I fibromi possono formarsi sulla superficie dell’utero (sottosierosi) e talvolta sono forniti di un piccolo peduncolo: in questo caso si chiamano peduncolati o sessili, mentre nei casi opposti vengono definiti a larga base d’impianto.

Possono anche trovarsi nella parete uterina, non sporgenti o poco sporgenti sulla superficie, in questo caso sono detti intramurali: questi fibromi possono protendersi anche all’interno della cavità uterina o esserle fortemente connessi.

RIMUOVERE IL FIBROMA UTERINO

La percentuale di degenerazione in tumore maligno è rara, ma in caso di torsione (nel caso del fibroma peduncolato) o di necrosi il fibroma può causare dolore, a volte così intenso da richiedere un intervento chirurgico d’urgenza.

La terapia dei fibromi è generalmente quella chirurgica, indicata anche ogni volta che l’utero, pur in assenza di fibromi, è causa di una serie di sintomi (emorragie, dolori pelvici, mestruali, dolori durante i rapporti sessuali ecc.) non risolvibile in altro modo, come ad esempio si può avere nei casi di adenomiosi.

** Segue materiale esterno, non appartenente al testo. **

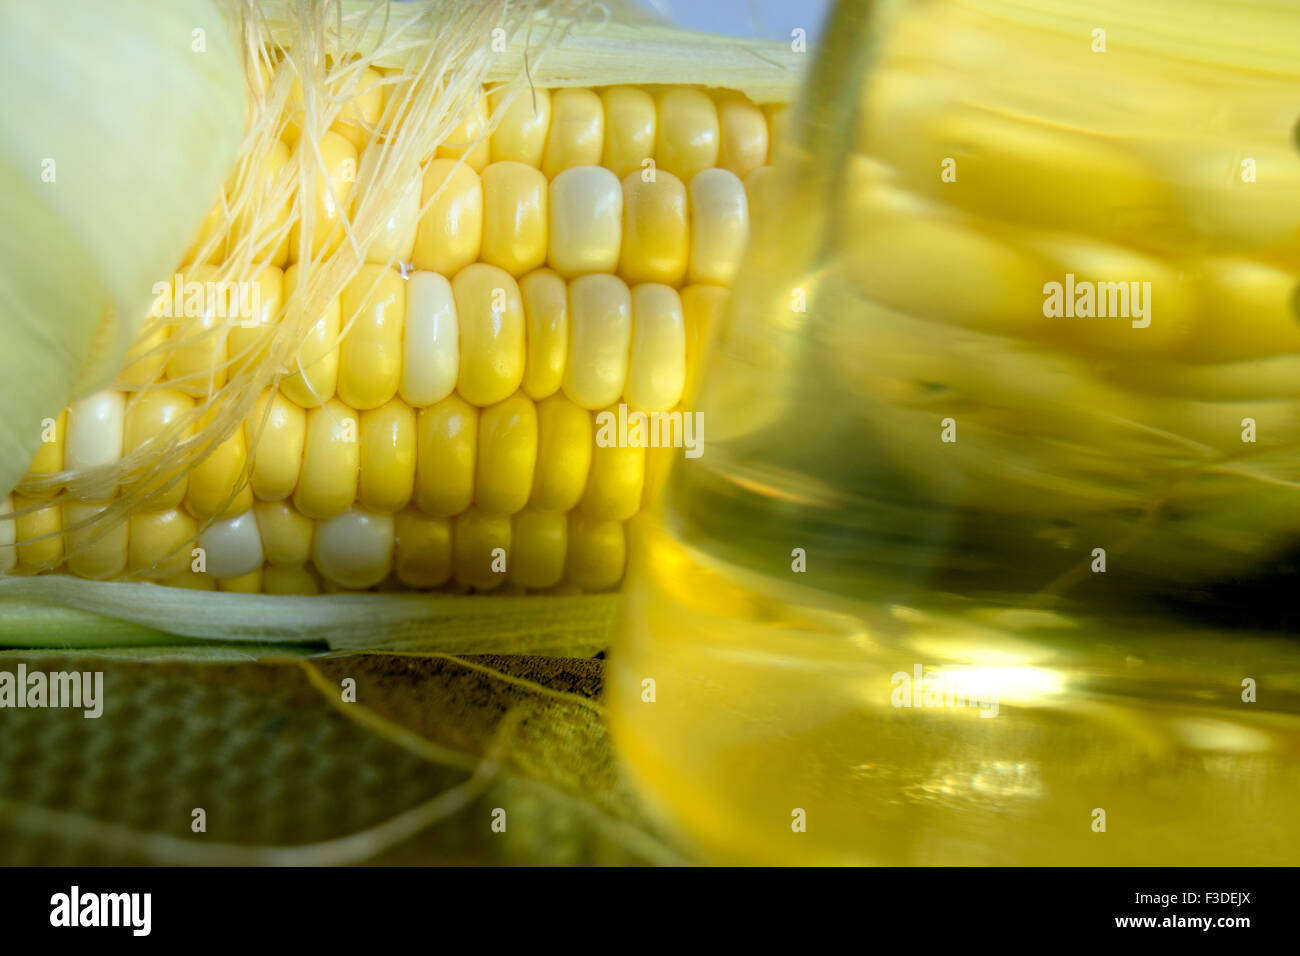 corn and corn oil Stock Photo

INTERVENTO CONSERVATIVO O DEMOLITIVO

L’intervento può essere conservativo (miomectomia) o demolitivo (isterectomia).

  • La miomectomia è l’asportazione dei soli fibromi con conservazione e ricostruzione dell’utero.
  • L’isterectomia è l’asportazione totale (isterectomia totale) o parziale (isterectomia sub-totale) dell’utero.

La scelta dell’intervento conservativo o demolitivo è personalizzata ed è condizionata dall’età, dalla necessità di mantenere la fertilità, dal grado di compromissione dell’utero, dalle condizioni generali e dal desiderio della paziente.

LA RIMOZIONE DEI FIBROMI UTERINI IN LAPAROSCOPIA

Sia la miomectomia che l’isterectomia possono essere effettuate con laparotomia, chirurgia vaginale o la laparoscopia.

La laparoscopia è una moderna tecnica chirurgica mininvasiva che, grazie a una specifica strumentazione ottica introdotta nella cavità addominale attraverso piccole incisioni, consente al chirurgo di visualizzare l’interno della cavità e di intervenire chirurgicamente con il minimo trauma.